Catriona Stevens
Australia
Researching Sociology of Migration Affiliated ECU Appointed 2020
Cat is a Research Fellow with the Social Ageing (SAGE) Futures Lab in the ECU School of Arts and Humanities. She has expertise in the sociology and anthropology of migration, ageing, aged care and care workforce issues, and in Chinese Studies. Her current research, funded by the Forrest Research Foundation, addresses some critical challenges faced by the Australian aged care sector. This project focuses on workforce issues, which requires forging new pathways of knowledge, in particular the pressing need for comprehensive understanding of the experiences and perspectives of the workers themselves, especially those from migrant backgrounds.
This work builds on her expertise in labour migration and migration policy. Her PhD in Anthropology and Sociology, completed at UWA in 2020, is an ethnography of recent trade-skilled migration from China to Perth titled Unlikely settlers in exceptional times that explores how social class shapes opportunities, choices, and trajectories through the migration process. In 2021 this dissertation received the Jean Martin Award from The Australian Sociological Association (TASA) and was also awarded runner up in the Chinese Studies Association of Australian Best PhD Thesis Prize.
Cat’s other research interests include transnational ageing and caregiving, and abuse of the older person. Her interest in transnational caregiving arose when working on the ARC Discovery Ageing, and New Media led by Baldassar and Wilding (Latrobe), responsible for the China-born sample. Cat currently collaborates on the Decentering Migration Knowledge (DEMIKNOW) project, which brings together four research entities in Canada, India, China and Australia, to create new knowledge about migration scholars from the Global South and North. DEMIKNOW research compares family migration decision making in these four contexts with a focus in Australian on transnational grandparenting. In 2020-22 Cat led research funded by the WA Department of Communities into responses to the abuse of older people in Western Australia.
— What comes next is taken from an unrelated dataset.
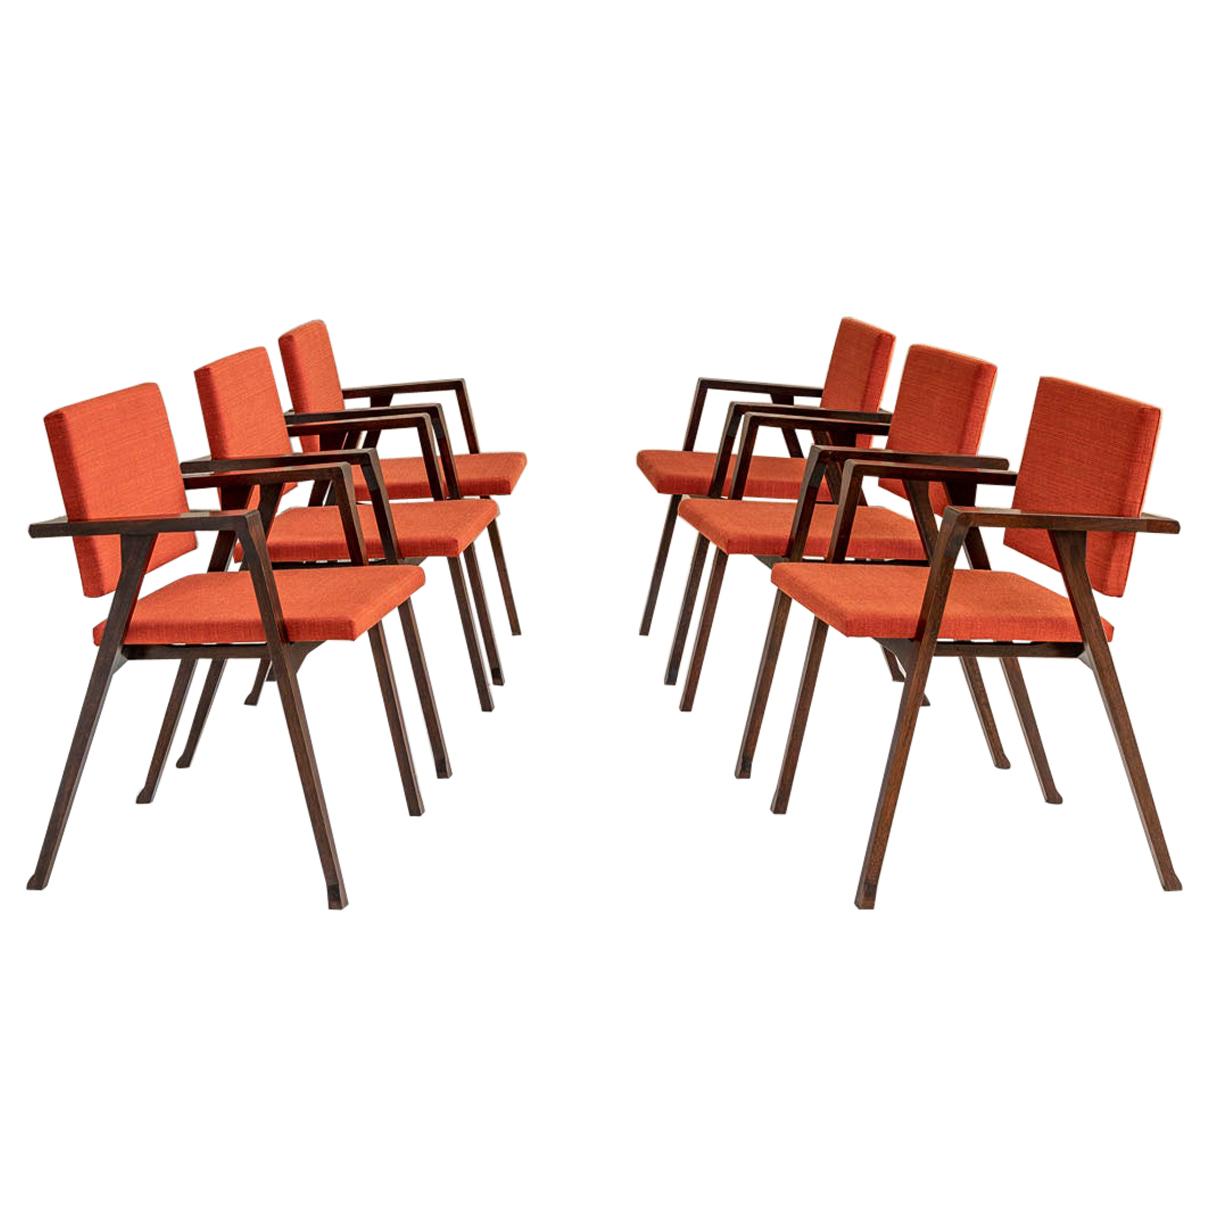 Set of 6 Luisa Chairs by Franco Albini

She a CI on the No More Shame project led by Professor Bianca Brijnath at the National Ageing Research Institute (NARI). This NHMRC-funded study aims to remove stigmas and improve the recognition of, and response to, elder abuse by health providers. that will trial an elder abuse screening instrument in 2023-25.
She is active in supporting the work of the newly established ECU TRACS Migration Research Network, and the WA Migration and Mobilities Update conference. In 2017 Cat co-convened TASA national conference titled ‘Belonging in a Mobile World, and she is currently the TASA Migration, Ethnicity and Migration Thematic Group co-convenor (2021-23).